Sinclair gesticuló de nuevo.

– Dice que va a prepararle el cuarto de los invitados.

Sinclair cogió a la niña en brazos y regresó a la sala de la que había venido mientras yo asimilaba, sorprendida, aquella inesperada demostración de hospitalidad. Al fin y al cabo, yo era una completa desconocida.

– ¿Por qué no me acompaña a la cocina? Estoy preparando un té. ¿Puedo tutearte?

– Desde luego. Y cuando dije que no tenías por qué traducir ahora, hablaba en serio. Parece que ya ibas a acostarte ¿no?

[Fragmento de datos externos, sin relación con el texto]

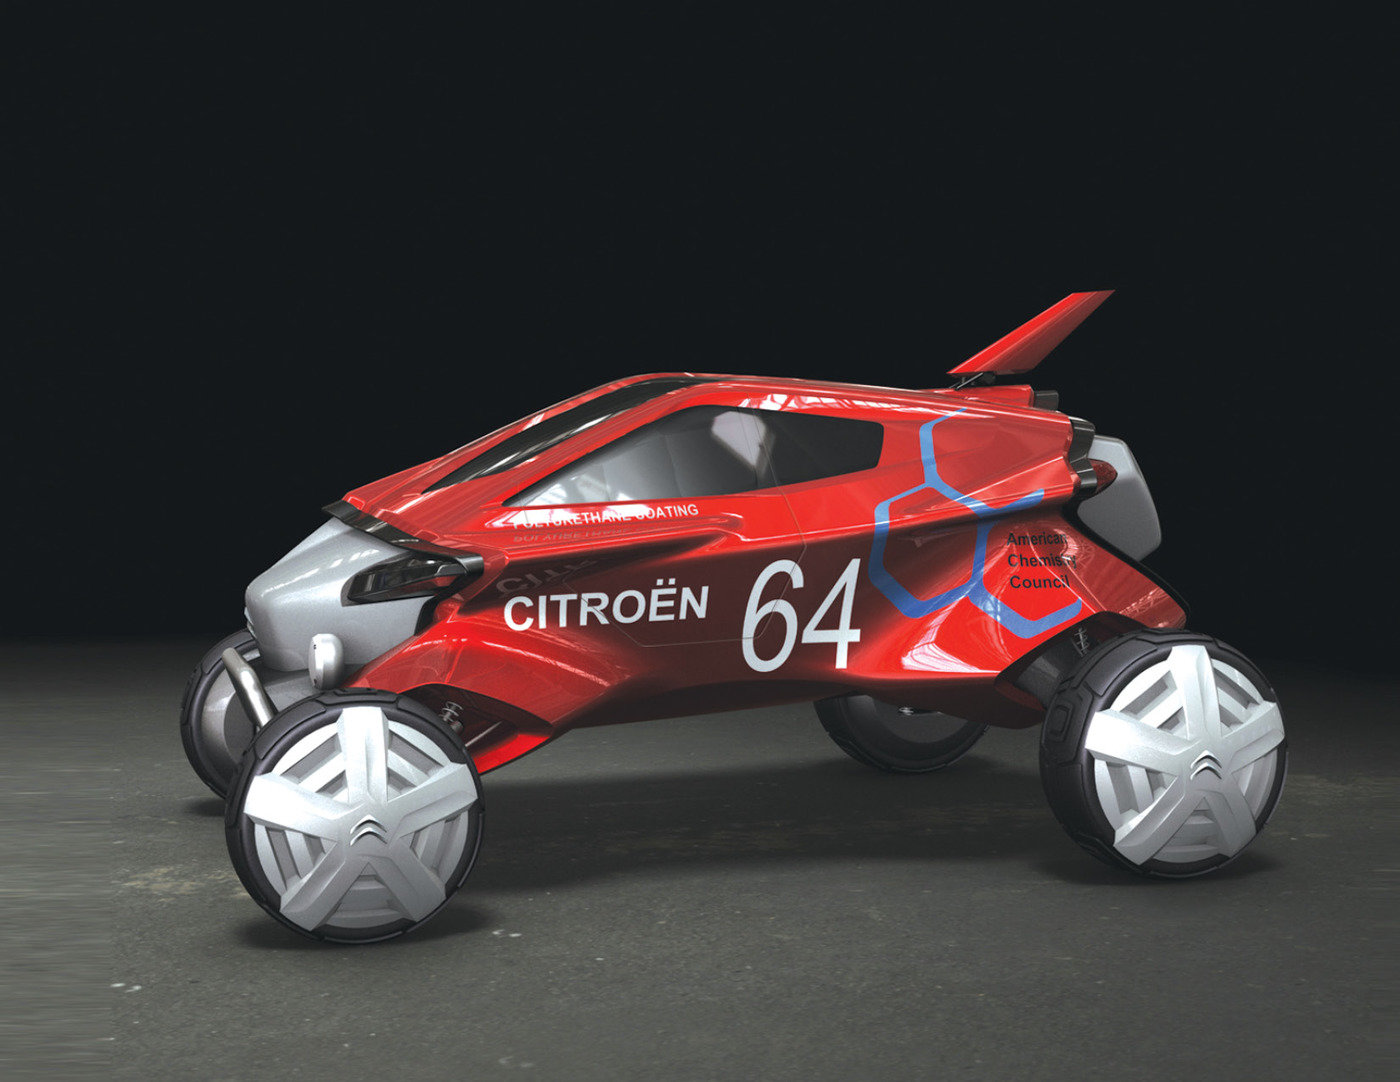 2020 Dakar Rally Concept by yuyol lee at Coroflot.com

– No -respondió-. Estoy estudiando. He de tener listo para mañana el acto III de El mercader de Venecia. -Cogió una tetera del aparador-. Y me parece una auténtica pérdida de tiempo. Ya nadie representa esa obra, y no me extraña, porque es horriblemente antisemita. Yo creo que la lee muy poca gente. -Encendió una cerilla y la acercó al fogón. Era una cocina muy vieja.

– ¿Hace mucho que conoces a Sinclair?

– Tres años -respondió Ligieia-. Desde que llegó a Bale. Me ofrecieron ser su traductora y luego empecé las lecturas.

– ¿Las lecturas?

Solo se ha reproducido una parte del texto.